═════ COLLECTED MATERIAL

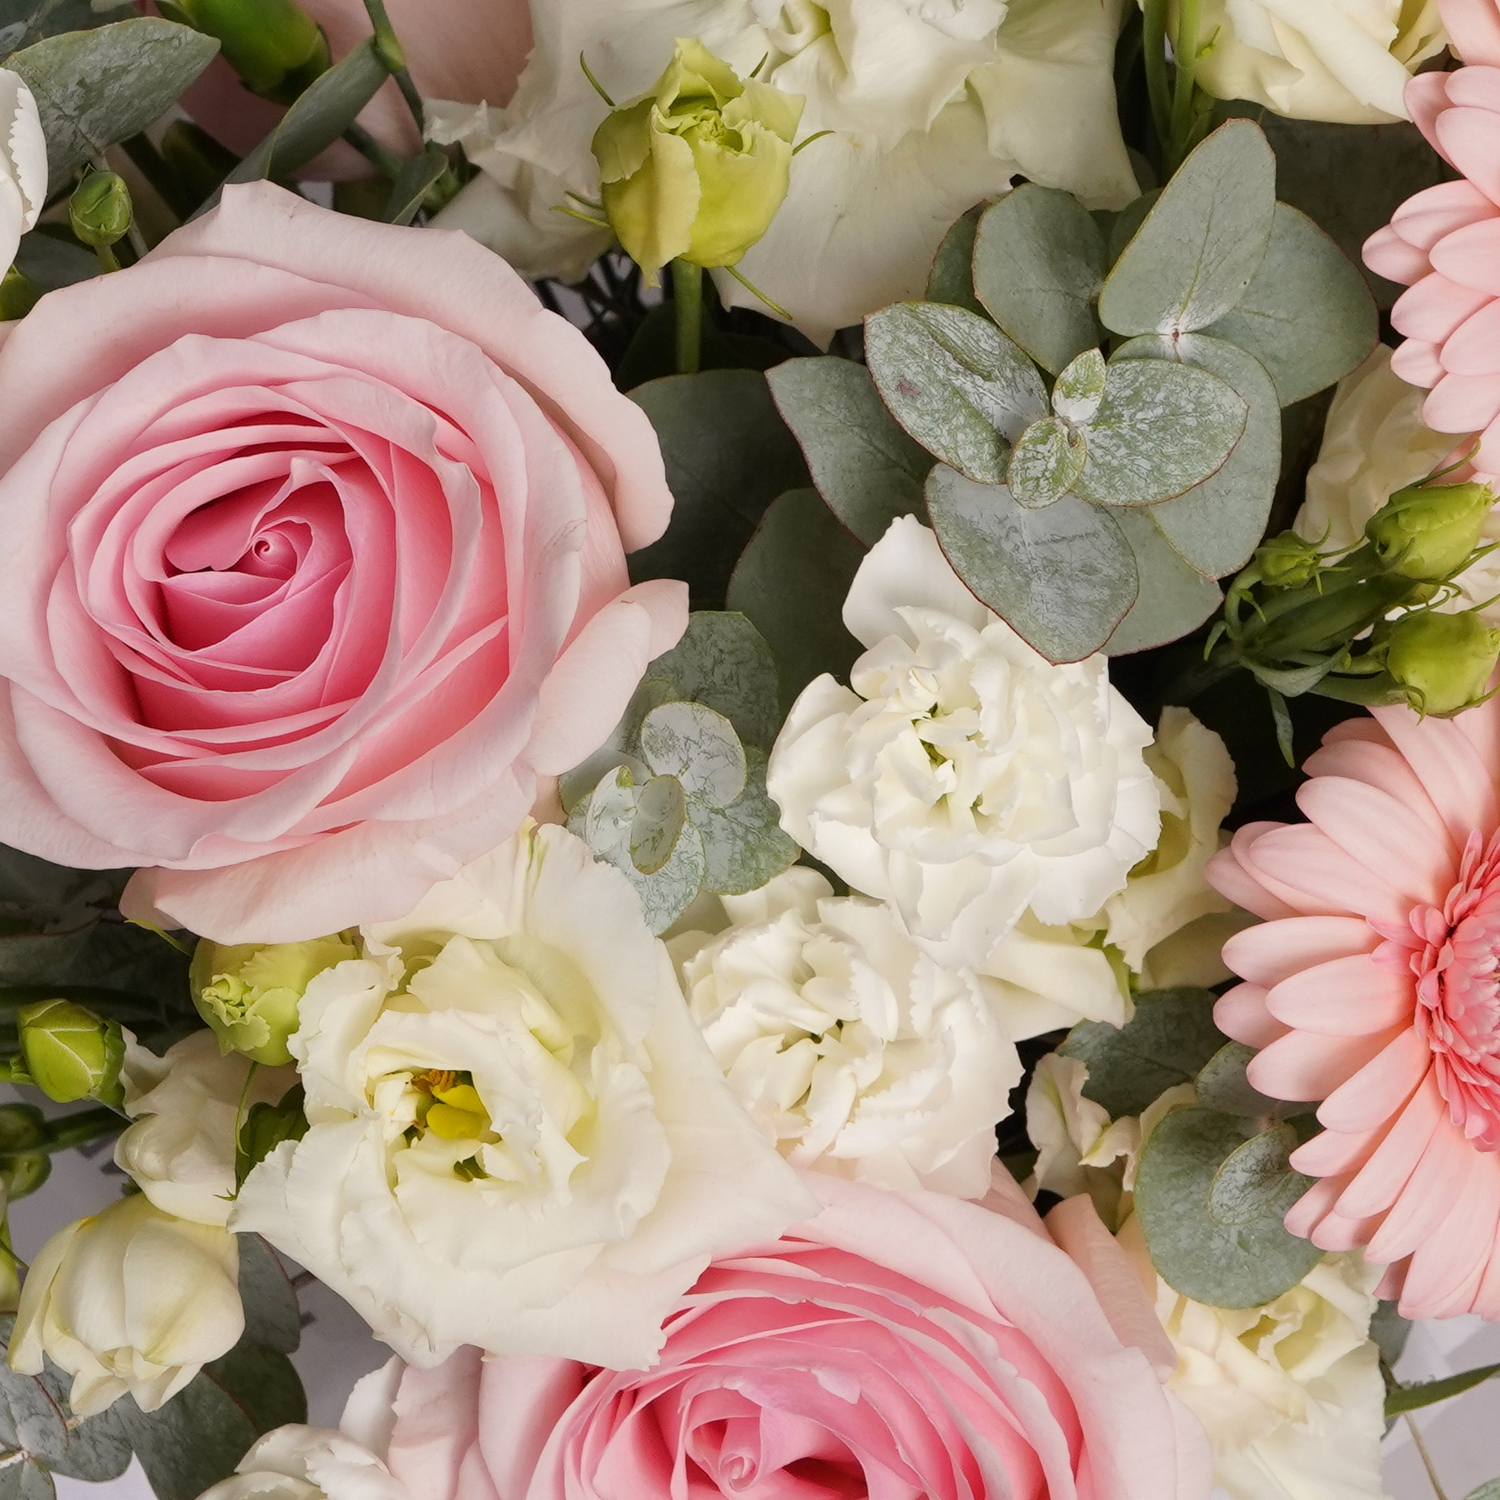 Розовые герберы, розы и белые эустомы, диантусы с эвкалиптом в кремовой коробке
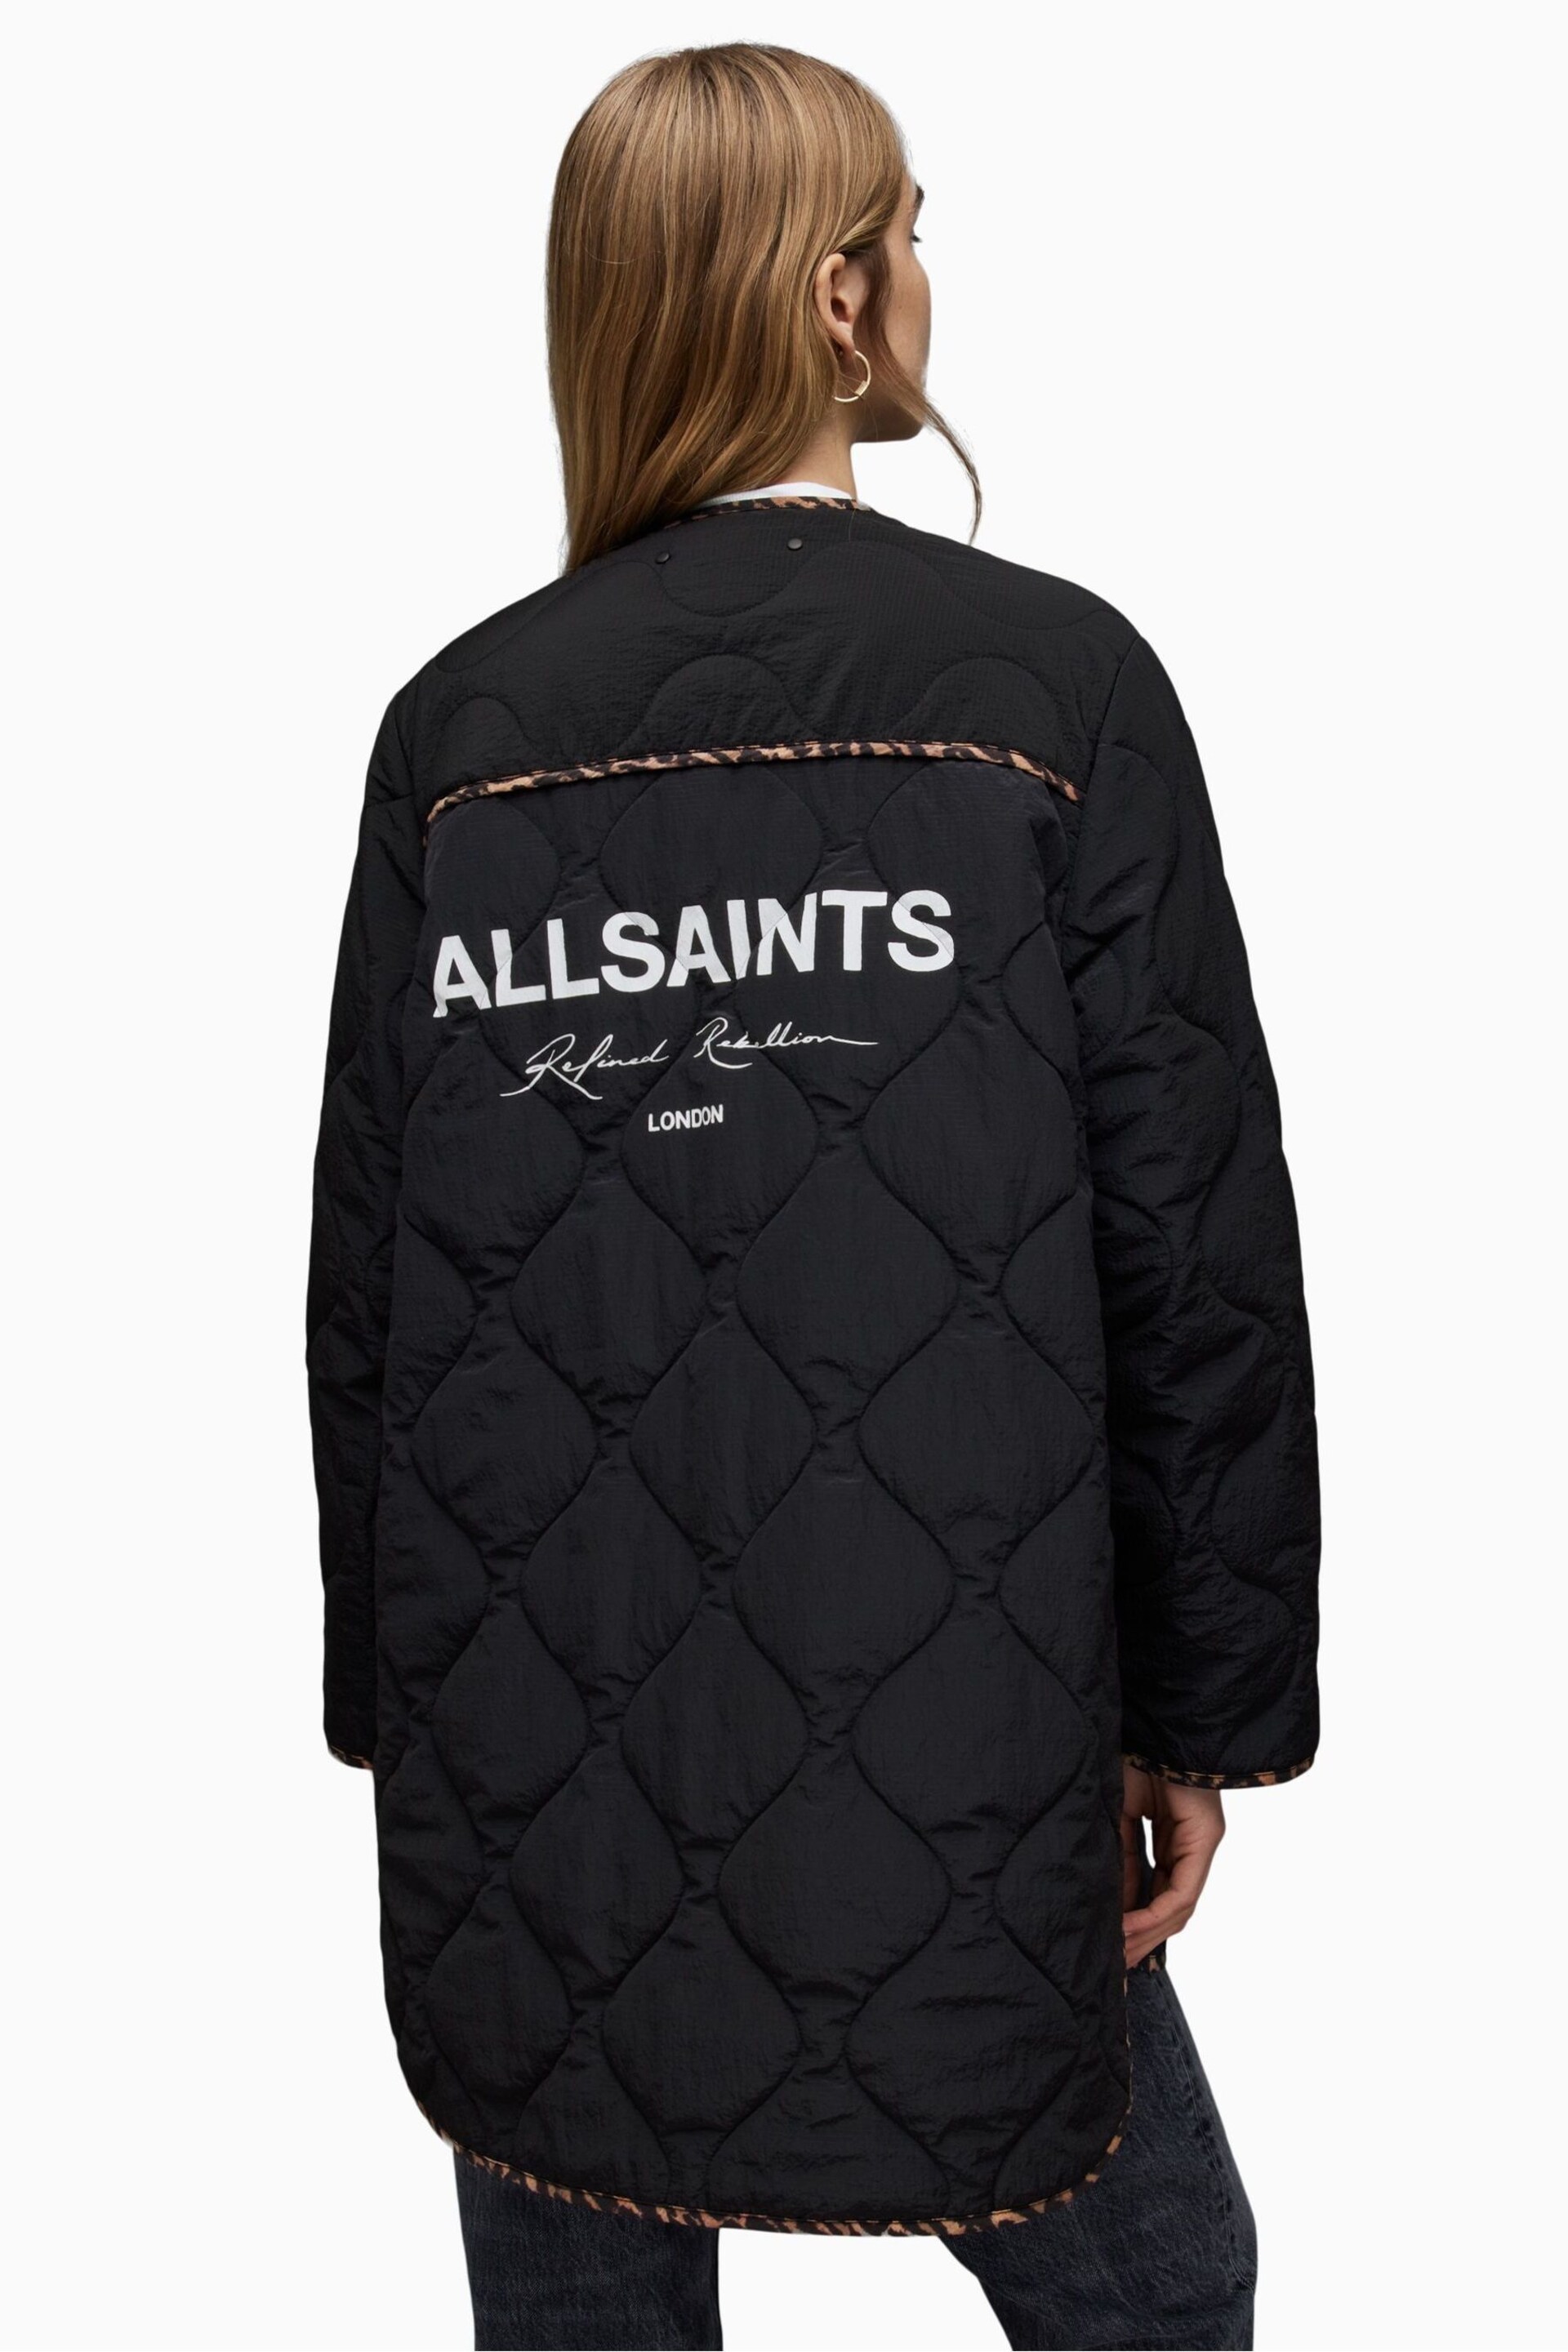 AllSaints Black Phyllis Leppo Liner Jacket - Image 2 of 7
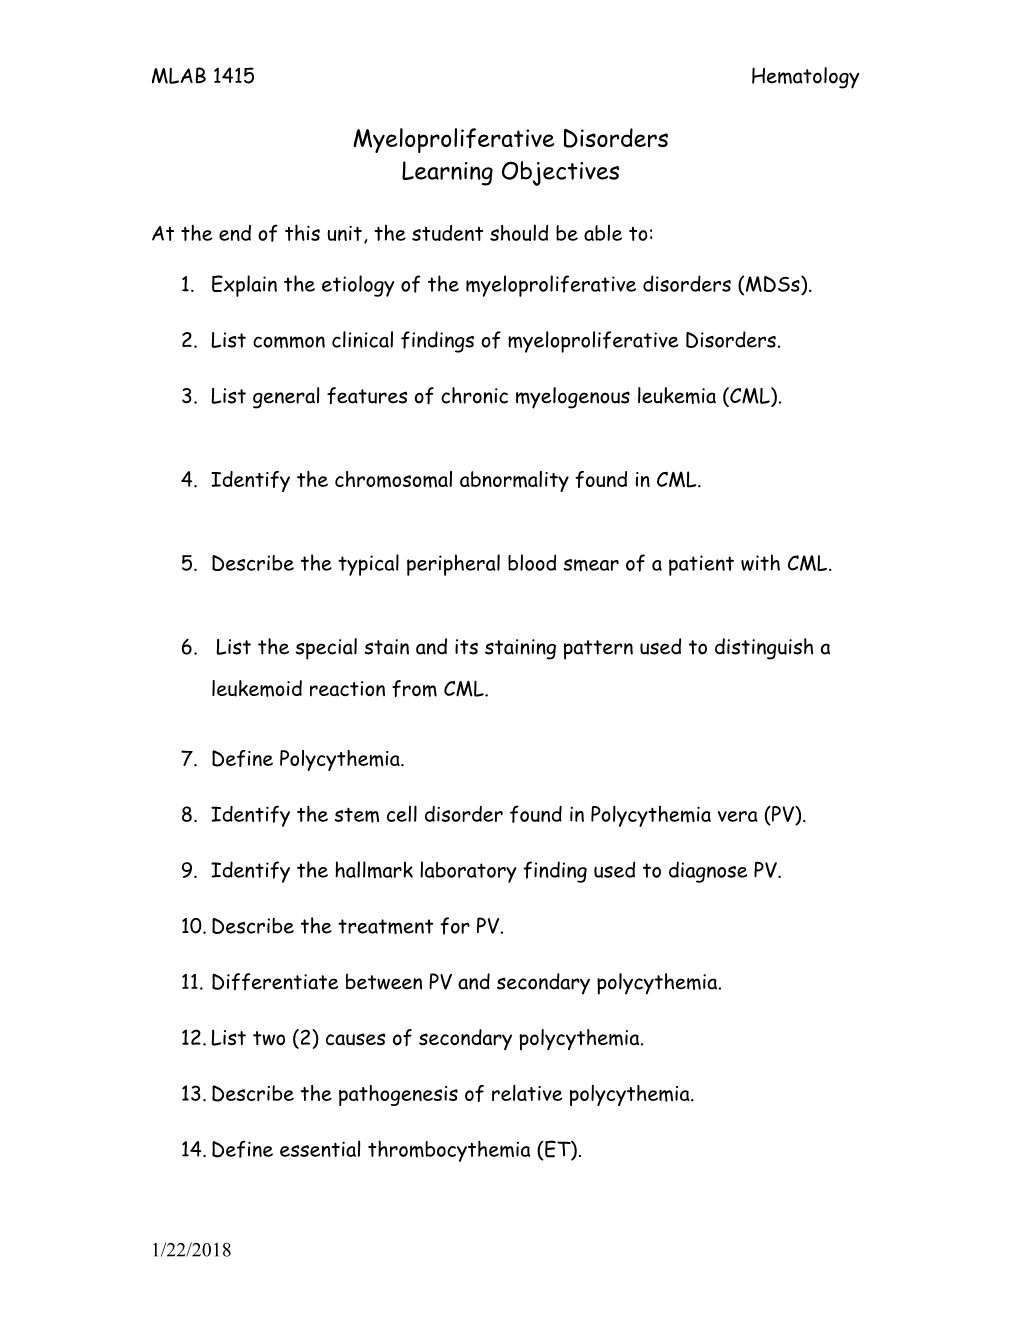 Unit 21 Objectives: Chronic Myeloproliferative Disorders
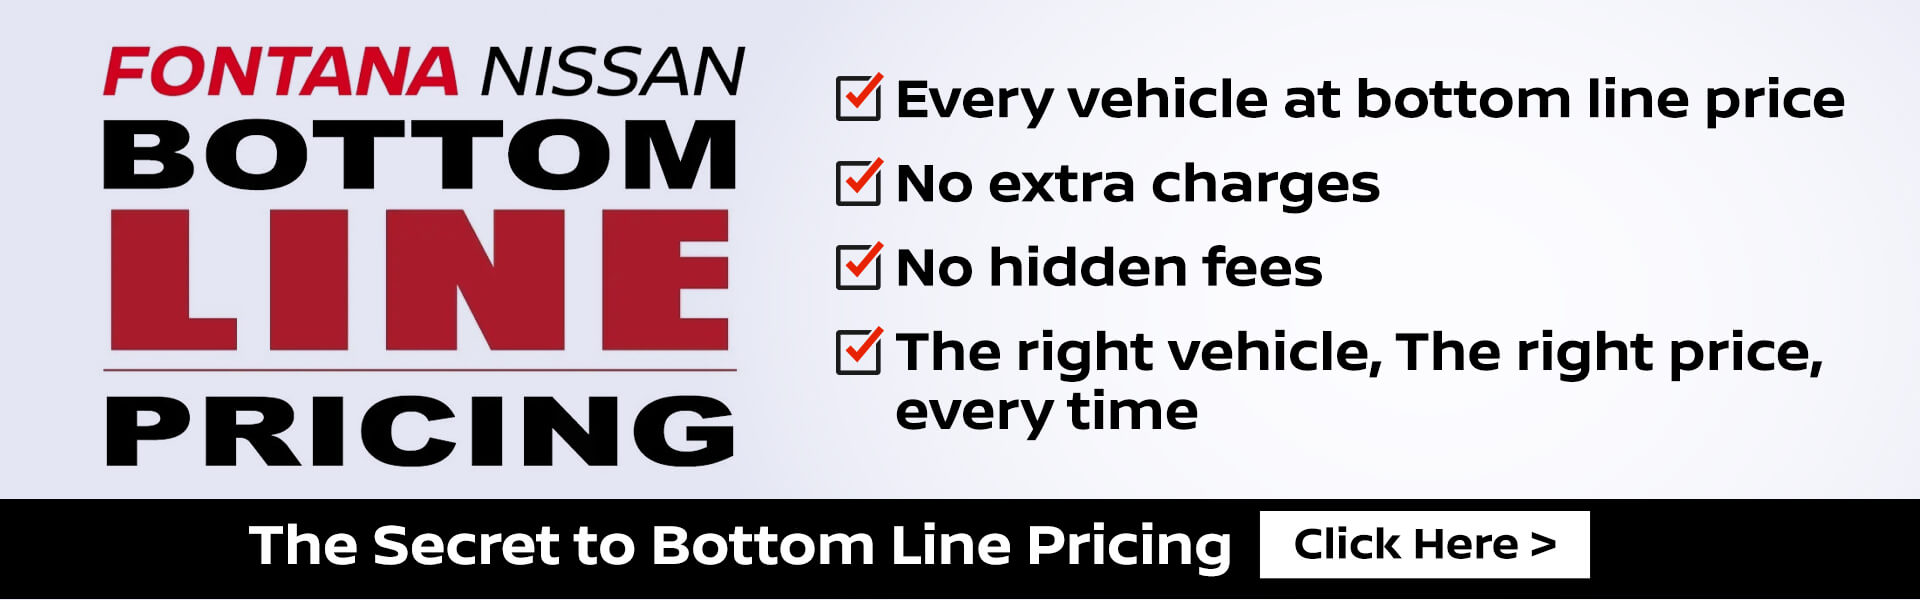 Fontana Nissan Bottom Line Pricing

══════════

-- YOUR TASK --
From the material above, copy everything exactly but the pictures.

-- ANSWER FOR THE TASK --
 Розовые герберы, розы и белые эустомы, диантусы с эвкалиптом в кремовой коробке
 AllSaints Black Phyllis Leppo Liner Jacket - Image 2 of 7
 Unit 21 Objectives: Chronic Myeloproliferative Disorders
 Fontana Nissan Bottom Line Pricing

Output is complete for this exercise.